Drive already mounted at /content/drive; to attempt to forcibly remount, call drive.mount("/content/drive", force_remount=True).


# 2. Read and Prepare the Dataset

In [6]:
import pandas as pd

In [7]:
df = pd.read_csv(data_path)

In [8]:
df.head()

Unnamed: 0,email,category
0,"URL: http://www.newsisfree.com/click/-1,817167...",not-spam
1,"On Thu, 19 Sep 2002, Bill Stoddard wrote:\n\n-...",not-spam
2,Dan Kohn <dan@dankohn.com> writes:\n\n\n\n> Gu...,not-spam
3,wintermute wrote:\n\n>>Anyone know where in Ir...,not-spam
4,"I attended the same conference, and was impres...",not-spam


### Clean Dataset

In [9]:
from bs4 import BeautifulSoup

In [10]:
class Cleaner():
  def __init__(self):
    pass
  def put_line_breaks(self,text):
    text = text.replace('</p>','</p>\n')
    return text
  def remove_html_tags(self,text):
    cleantext = BeautifulSoup(text, "lxml").text
    return cleantext
  def clean(self,text):
    text = self.put_line_breaks(text)
    text = self.remove_html_tags(text)
    return text

In [11]:
cleaner = Cleaner()
df['text_cleaned'] = df[text_column_name].apply(cleaner.clean)

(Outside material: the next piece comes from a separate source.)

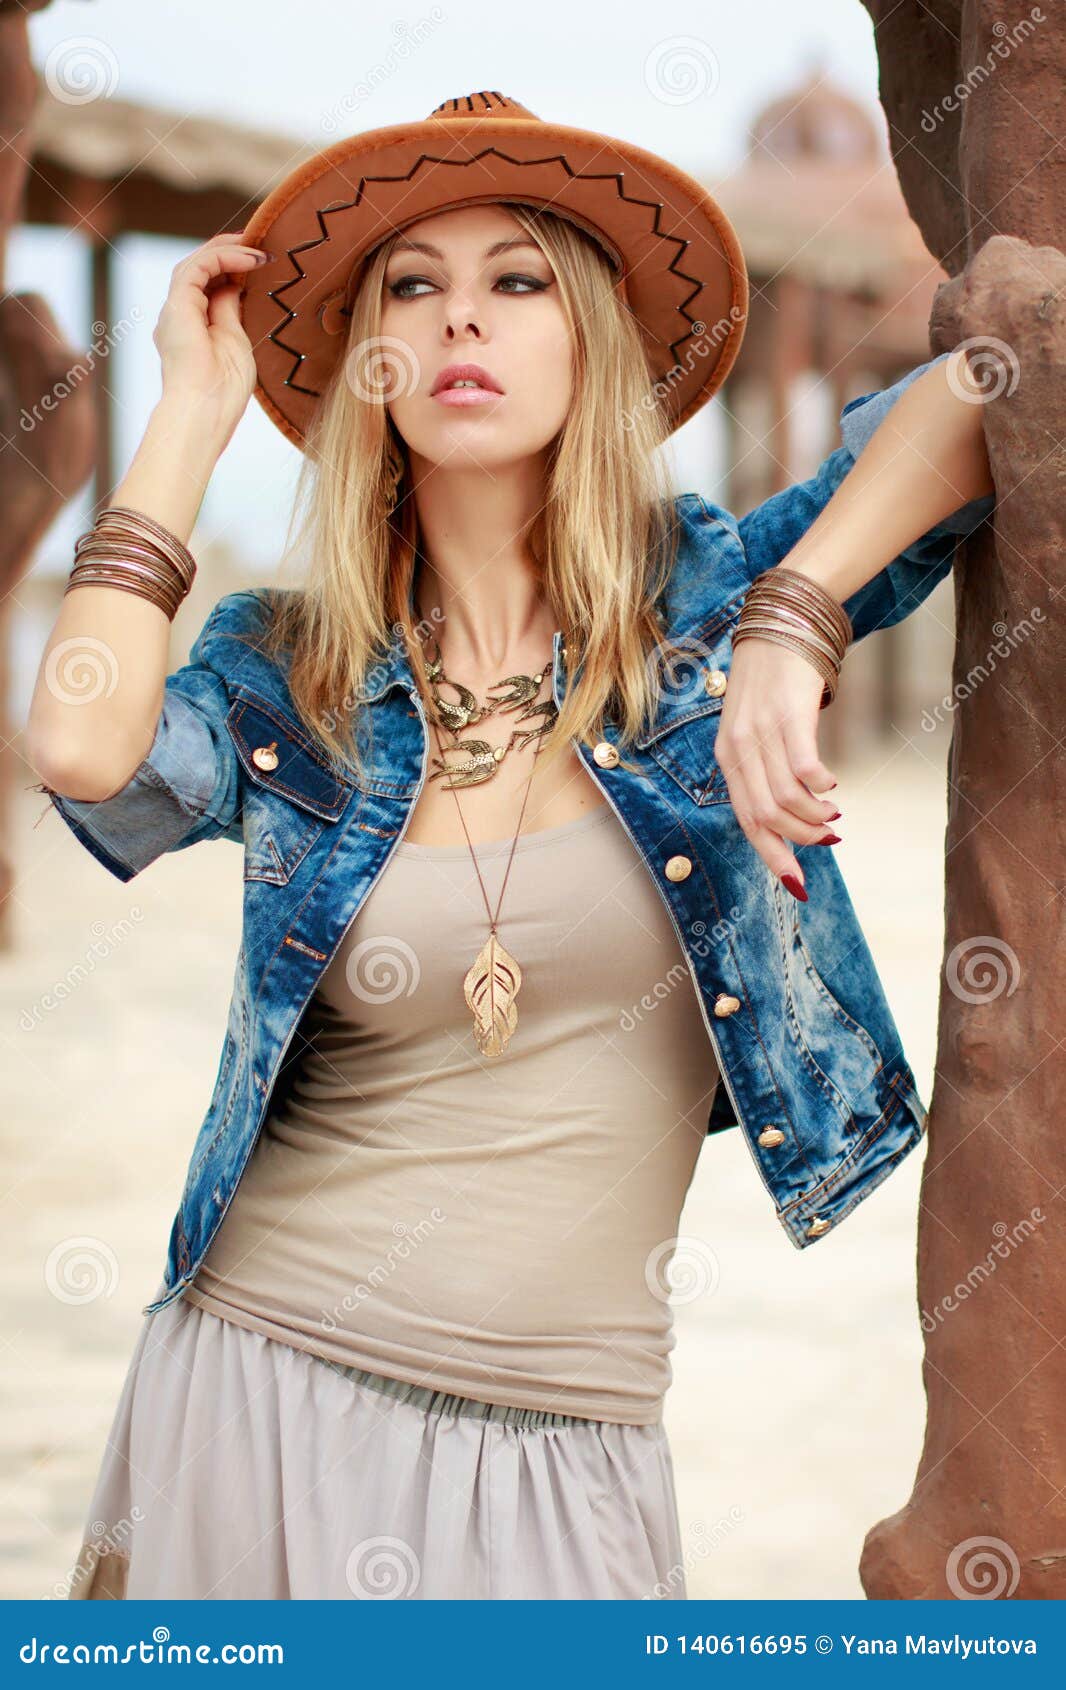 Hermosa Mujer Al Vaquero Occidental, Sombrero Vaquero Chaqueta De Jeans, Fotografía De Retrato De Moda Imagen de archivo - Imagen de cubo, 140616695

  cleantext = BeautifulSoup(text, "lxml").text


In [12]:
df.head()

Unnamed: 0,email,category,text_cleaned
0,"URL: http://www.newsisfree.com/click/-1,817167...",not-spam,"URL: http://www.newsisfree.com/click/-1,817167..."
1,"On Thu, 19 Sep 2002, Bill Stoddard wrote:\n\n-...",not-spam,"On Thu, 19 Sep 2002, Bill Stoddard wrote:\n\n-..."
2,Dan Kohn <dan@dankohn.com> writes:\n\n\n\n> Gu...,not-spam,"Dan Kohn writes:\n\n\n\n> Guys, the Habeas In..."
3,wintermute wrote:\n\n>>Anyone know where in Ir...,not-spam,wintermute wrote:\n\n>>Anyone know where in Ir...
4,"I attended the same conference, and was impres...",not-spam,"I attended the same conference, and was impres..."


### Label Encoder

In [13]:
from sklearn import preprocessing

In [14]:
le = preprocessing.LabelEncoder()
le.fit(df[label_column_name].tolist())
df['label'] = le.transform(df[label_column_name].tolist())

In [15]:
df.head()

Unnamed: 0,email,category,text_cleaned,label
0,"URL: http://www.newsisfree.com/click/-1,817167...",not-spam,"URL: http://www.newsisfree.com/click/-1,817167...",0
1,"On Thu, 19 Sep 2002, Bill Stoddard wrote:\n\n-...",not-spam,"On Thu, 19 Sep 2002, Bill Stoddard wrote:\n\n-...",0
2,Dan Kohn <dan@dankohn.com> writes:\n\n\n\n> Gu...,not-spam,"Dan Kohn writes:\n\n\n\n> Guys, the Habeas In...",0
3,wintermute wrote:\n\n>>Anyone know where in Ir...,not-spam,wintermute wrote:\n\n>>Anyone know where in Ir...,0
4,"I attended the same conference, and was impres...",not-spam,"I attended the same conference, and was impres...",0


### Train/Test Split

In [16]:
from sklearn.model_selection import train_test_split

In [17]:
df_train,df_test = train_test_split(df,test_size=test_size)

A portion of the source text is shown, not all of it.